Based on our findings, the IPTW fitted to a MSM (GEE model) resulted in a statistically significant reduction in the treatment on the outcome that would not have otherwise been captured in the conventional GEE model. Given that there are time-varying covariates (especially with the treatment variable), IPTW fitted to a MSM may yield important differences that would otherwise be unidentified with conventional methods. However, it is critical that all assumptions regarding the IPTW method are satisfied prior to accepting the model’s results.

### REFERENCES

1. Williamson T, Ravani P. Marginal structural models in clinical research: when and how to use them? Nephrol Dial Transplant. 2017 Apr 1;32(suppl_2):ii84–90.

2. Robins JM, Hernán MA, Brumback B. Marginal structural models and causal inference in epidemiology. Epidemiol Camb Mass. 2000 Sep;11(5):550–60.

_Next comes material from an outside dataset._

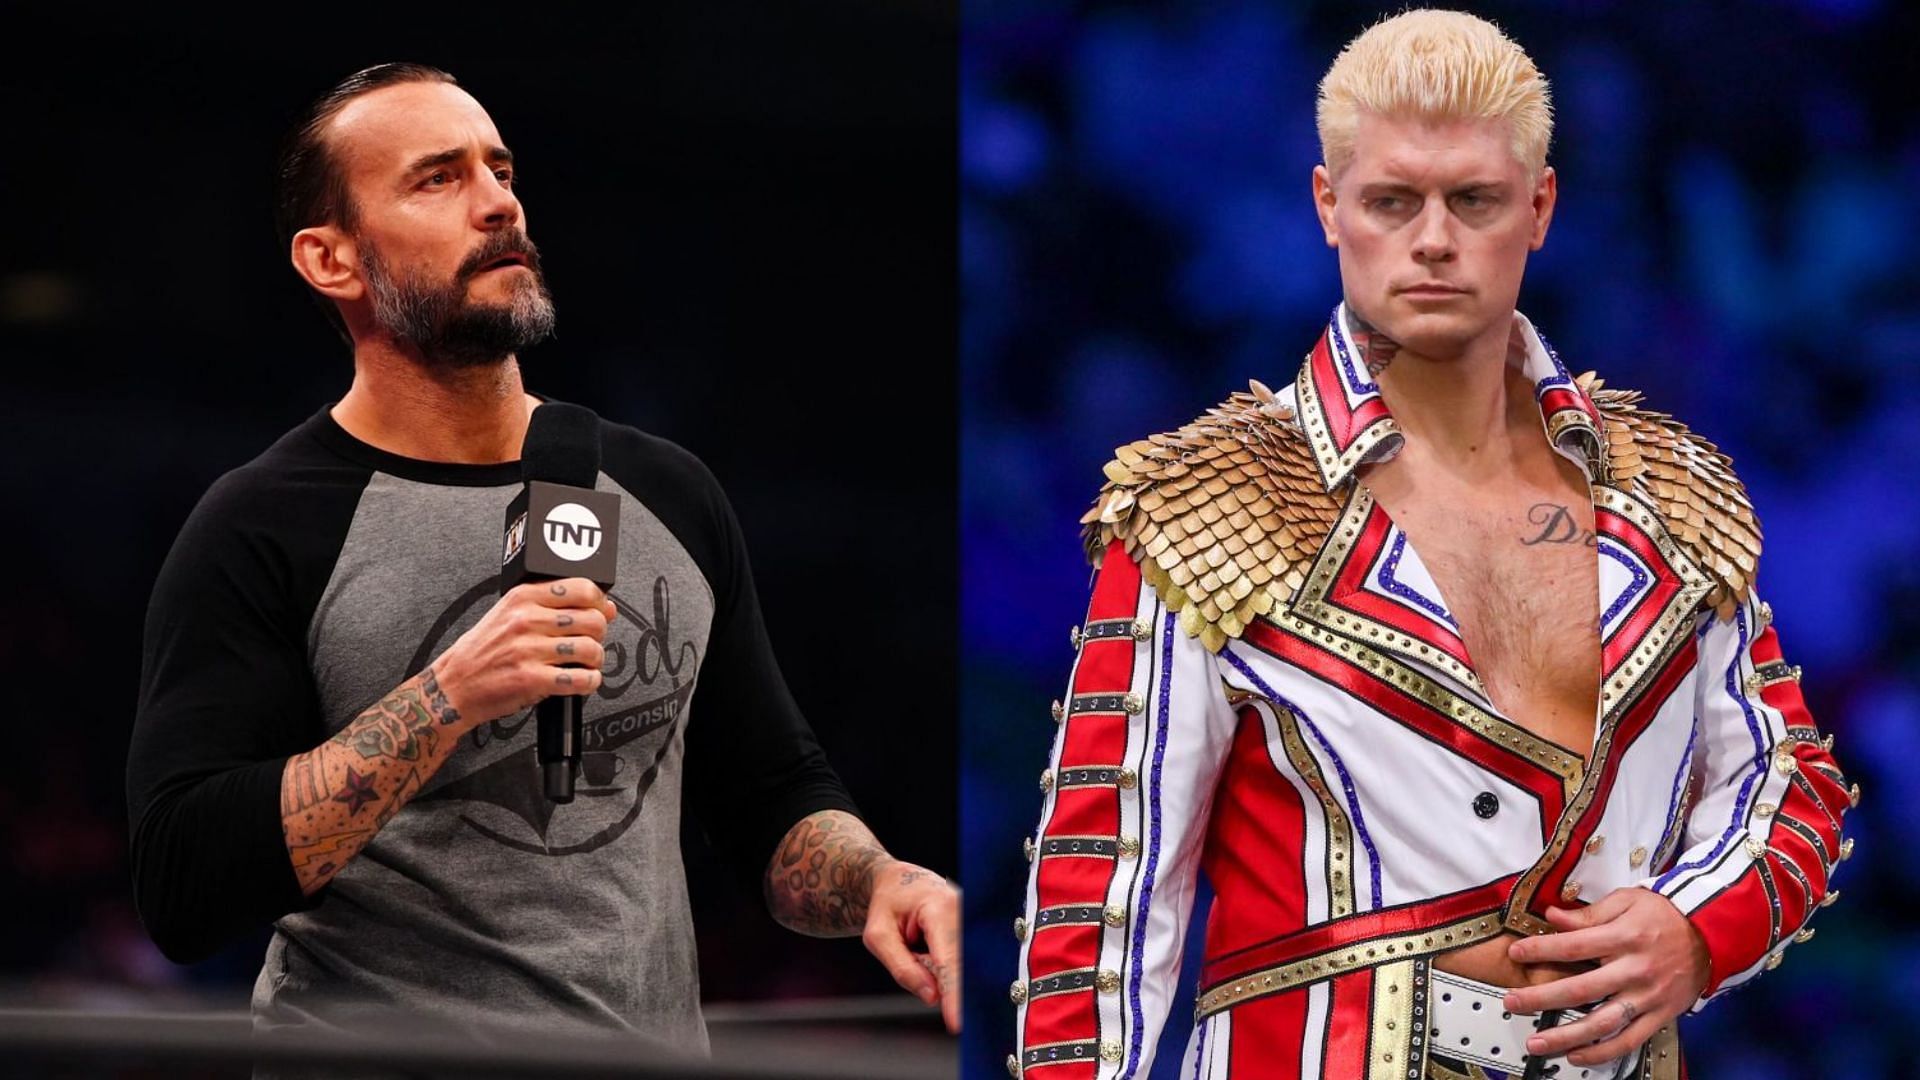 Has the Brawl Out Incident created bad blood between CM Punk and Cody Rhodes?

3. Hernán MA, Hernández-Díaz S, Robins JM. A structural approach to selection bias. Epidemiol Camb Mass. 2004 Sep;15(5):615–25.

4. Hernán MA, Brumback B, Robins JM. Marginal Structural Models to Estimate the Joint Causal Effect of Nonrandomized Treatments. J Am Stat Assoc. 2001 Jun 1;96(454):440–8.

5. Thoemmes F, Ong AD. A Primer on Inverse Probability of Treatment Weighting and Marginal Structural Models. Emerg Adulthood. 2016 Feb 1;4(1):40–59.

6. Gerhard T, Delaney JA, Cooper-DeHoff RM, Shuster J, Brumback BA, Johnson JA, et al. Comparing marginal structural models to standard methods for estimating treatment effects of antihypertensive combination therapy. BMC Med Res Methodol. 2012 Aug 6;12:119.